Сам Освободитель прекрасно понимал, что освобождение крестьян неизбежно, иначе – бунт; с другой стороны освобождение крестьян в соответствии с их ожиданиями, то есть с землей, или «по их разумению», так же невозможно, и это опять – бунт!

Крестьянину нужна была земля, чтобы на ней трудиться и содержать себя и семью; помещику земля также была необходима, чтобы за счет крестьянского труда на ней содержать себя и семью. Крестьянин мечтал о земле, помещик мечтал о безбедной жизни. И для того и для другого земля – необходимое средство к существованию, но для крестьянина свобода без земли это фикция, а для помещика земля без крестьянина такая же фикция. Помещика еще можно было уговорить, убедить, заставить, наконец, освободить крепостных при условии, что он останется владельцем земли, но как уговорить самих крепостных выйти на волю без земли? Чем-то или кем-то нужно было пожертвовать. Нетрудно догадаться, на чьей стороне были симпатии царя.

Но каким же образом освободить этого крестьянина, чтобы он остался без земли и при этом не взбунтовался? Задача не для рядового ума, причем откладывать ее на потом не было никакой возможности.

Ситуация усугублялась тем, что после проигранной войны нельзя было положиться на вернейшую со времен Петра I опору абсолютизма – армию. Если раньше рота солдат была самым надежным средством против крестьянских волнений, то теперь приходилось спрашивать себя: не будет ли от солдат еще большего беспорядка, да и офицеры – можно ли на них твердо надеяться?
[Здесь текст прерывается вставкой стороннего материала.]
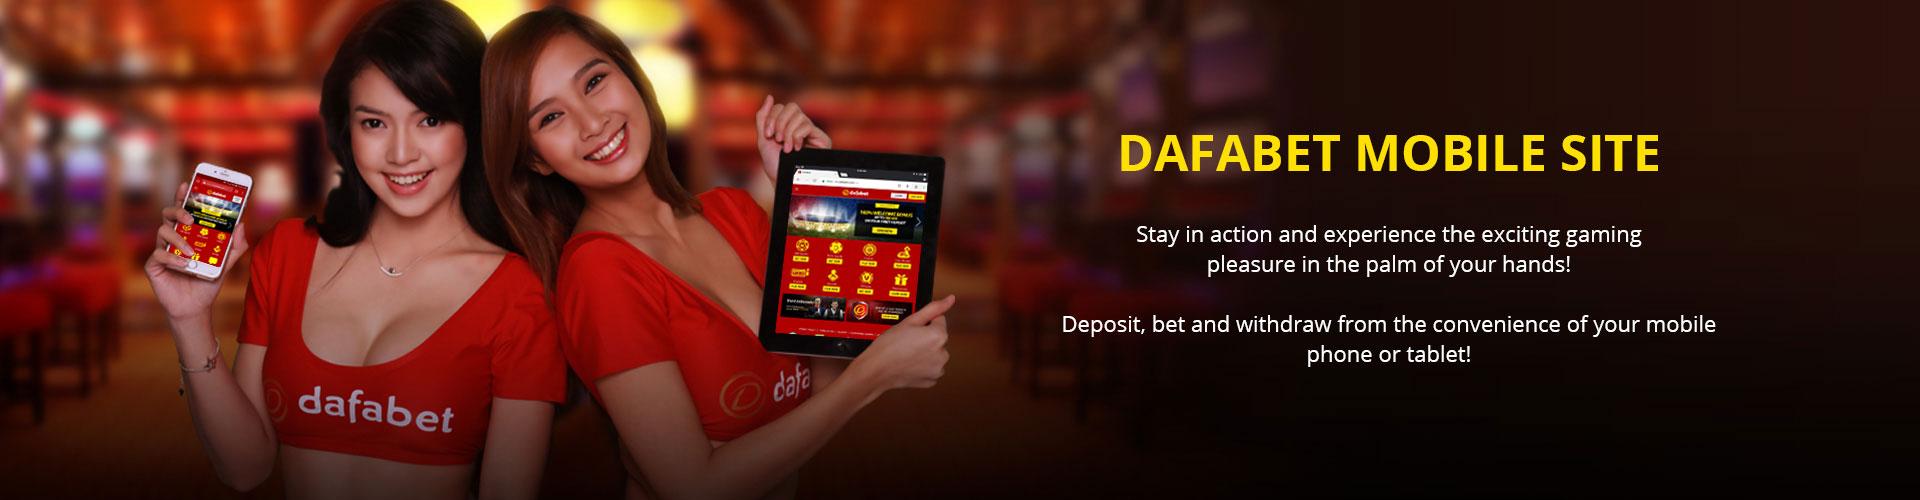 dafabet mobile betting in uganda
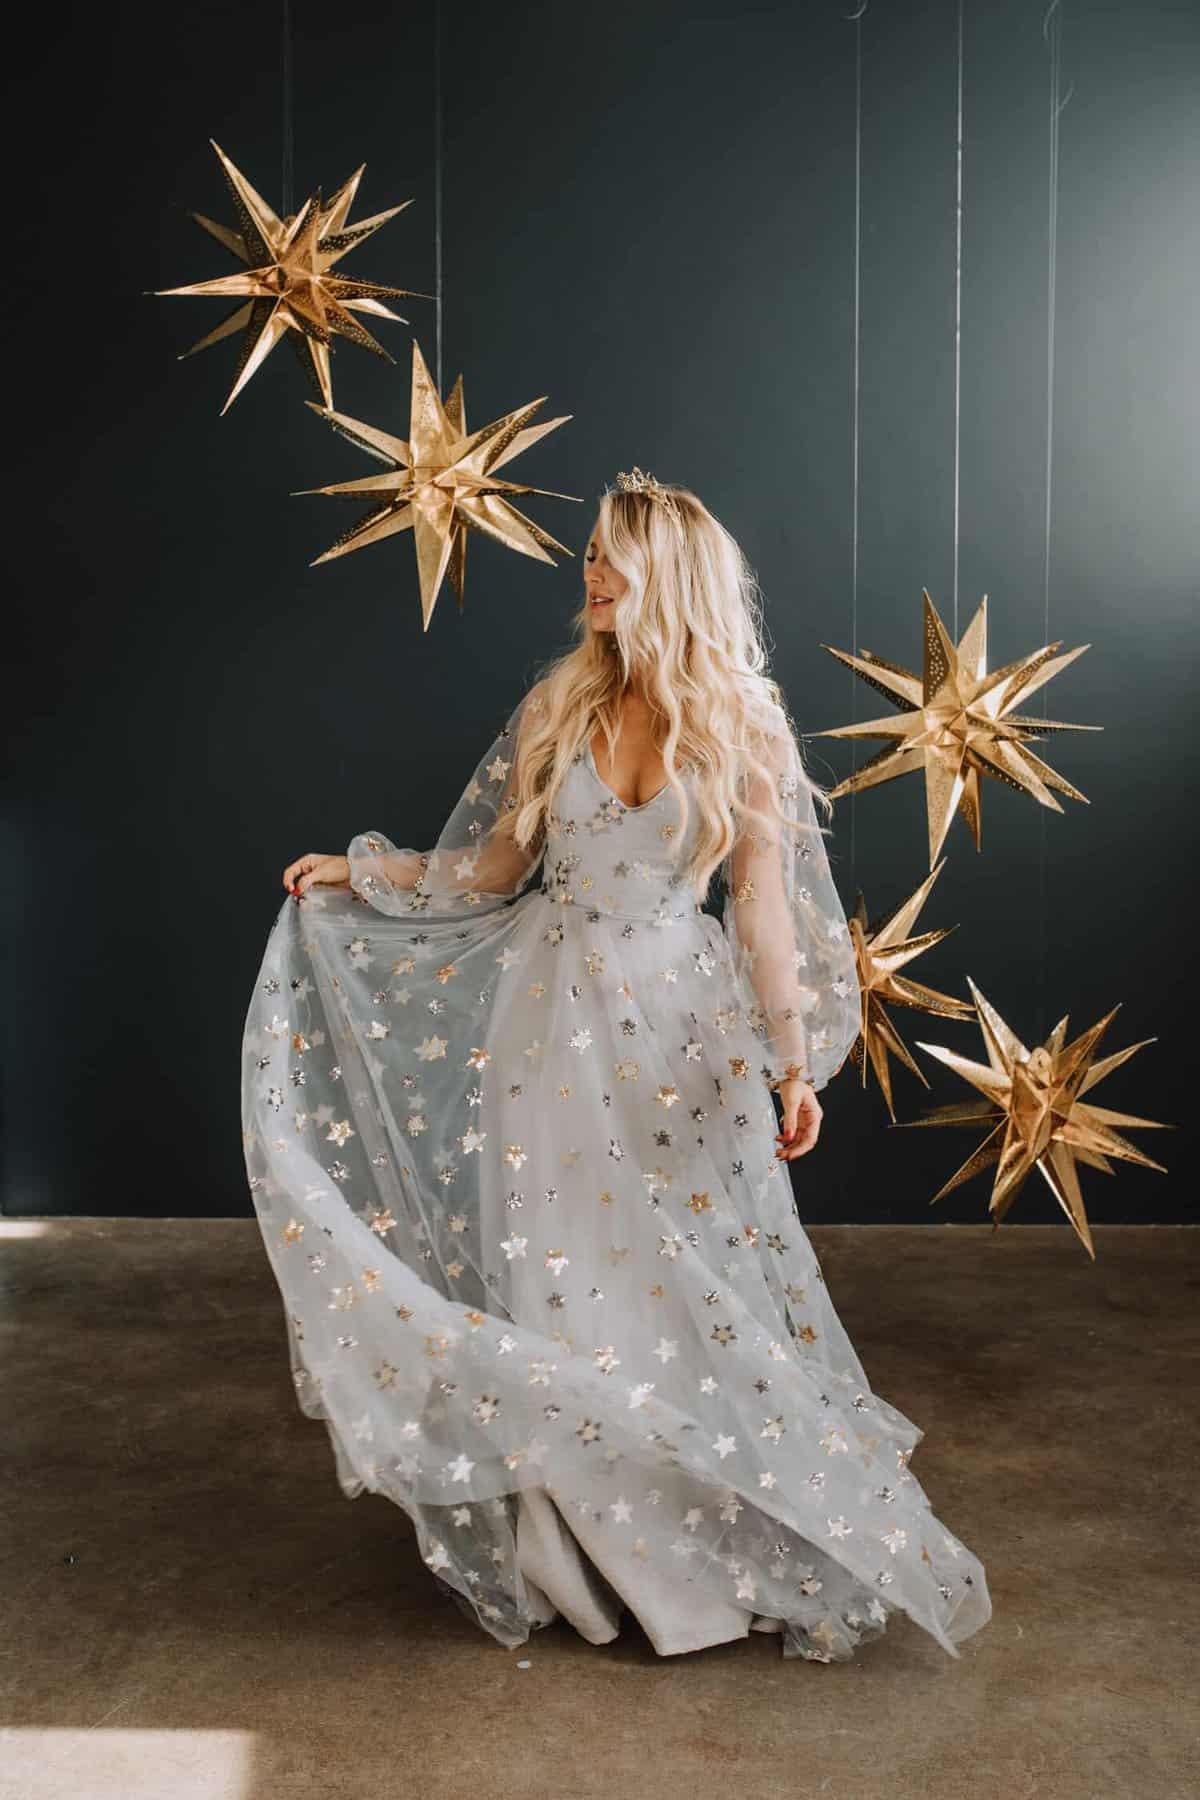 natalie-wynn-design-starstruck-unique-star-galaxy-themed-wedding-gown

Автор отмечает два основных подхода, выработанных среди самого землевладельческого класса, то есть среди помещиков, для решения крестьянского вопроса: феодальный и буржуазный. В соответствии с первым земля оставалась за помещиком – в максимальном количестве и во что бы то ни стало; в соответствии со вторым главным признавалось обеспечение землевладельцев капиталом и рабочими руками – хотя бы и ценою некоторых уступок в пользу крестьянства в земельном вопросе.

В конечном счете, правительство, осознав невозможность первого, пошло по второму пути: крестьянин освобождался от крепости с землей, за которую должен был заплатить выкуп. При этом правительство, из опасения, что выкуп не будет выплачен, сильно подстраховалось: помещичья земля передавалась не крестьянам-единоличникам, а «миру», то есть крестьянской общине. Пресловутое «мирское самоуправление» было красивой оберткой старой, как само русское государство, круговой поруки. «Без мира помещик не собрал бы своих доходов ни оброком, ни трудом, а правительство – своих податей и повинностей».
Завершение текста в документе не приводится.